Building on the previous math tutorial for calculating lotto odds, Basic Lottery Math, in this tutorial we will see how to calculate the probability of matching some of the numbers drawn and winning a lower-tier prize. These computations can be trickier than figuring the probability of winning a jackpot, since there are many ways a ticket can bear a partial match, whereas there is only one way to make a perfect match and win the jackpot. But once you know how to count the number of partial matches, you can quickly and accurately calculate the probability and odds.


General Formula for Partial Match Probability

The probability of making a partial match in a lottery is

[number of tickets with a partial match] ÷ [total number of different tickets]

The denominator in this expression, the total number of different lottery ticket combinations, was calculated in the previous tutorial.
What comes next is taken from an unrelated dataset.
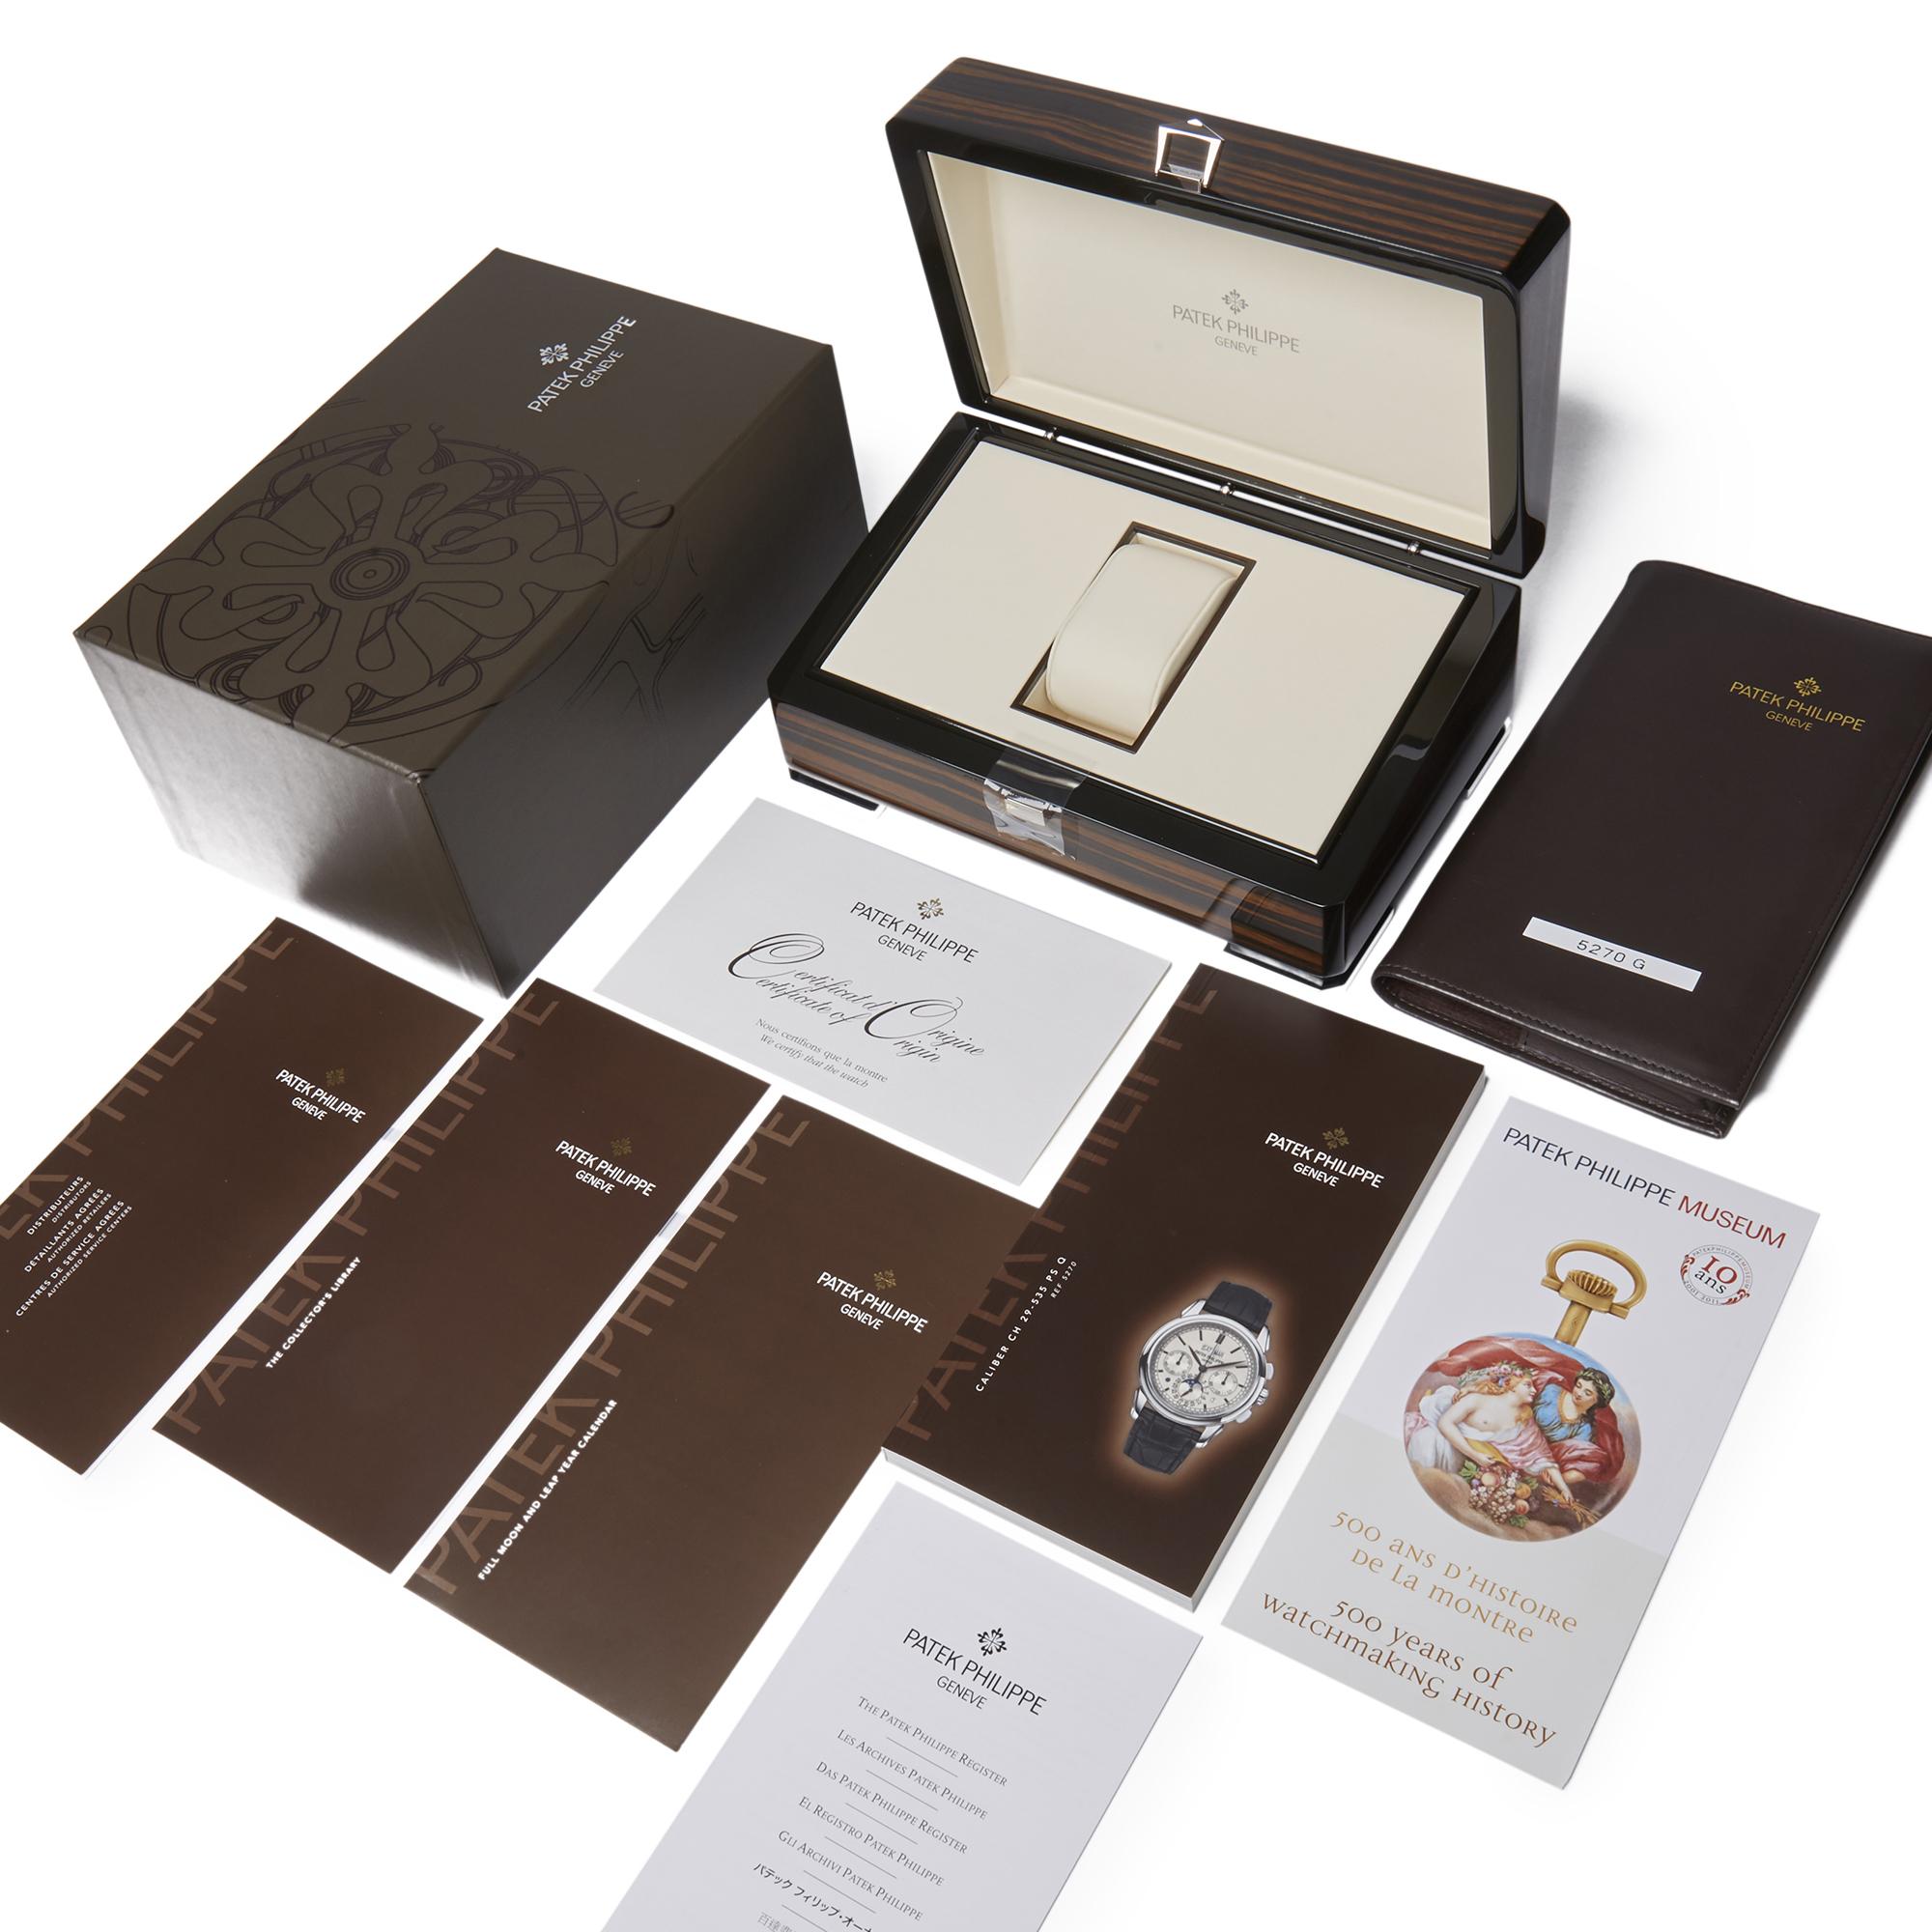 Lot 5 - Patek Philippe Perpetual Calendar Perpetual Calendar Chronograph 18k White Gold - 5270G-001

The numerator, the number of tickets bearing a partial match, depends on how many numbers match and whether the game is single-matrix or double-matrix.


Single-Matrix Lottery Partial Matches

If the game's structure is selecting N distinct numbers from 1 to P, then the number of ways to make a match only K out of N is

(N c K)*(P-N c N-K)

or in words, it's the number of ways to choose K out of N times the number of ways to choose N-K out of P-N. This is because for every way to choose K out of N correct numbers, you must also have N-K incorrect numbers drawn from a set of P-N numbers. The probability of making such a partial match is

(N c K)*(P-N c N-K)/(P c N)
= N!² * (P-N)!² / [ P! * K! * (N-K)!² * (P-2N+K)! ]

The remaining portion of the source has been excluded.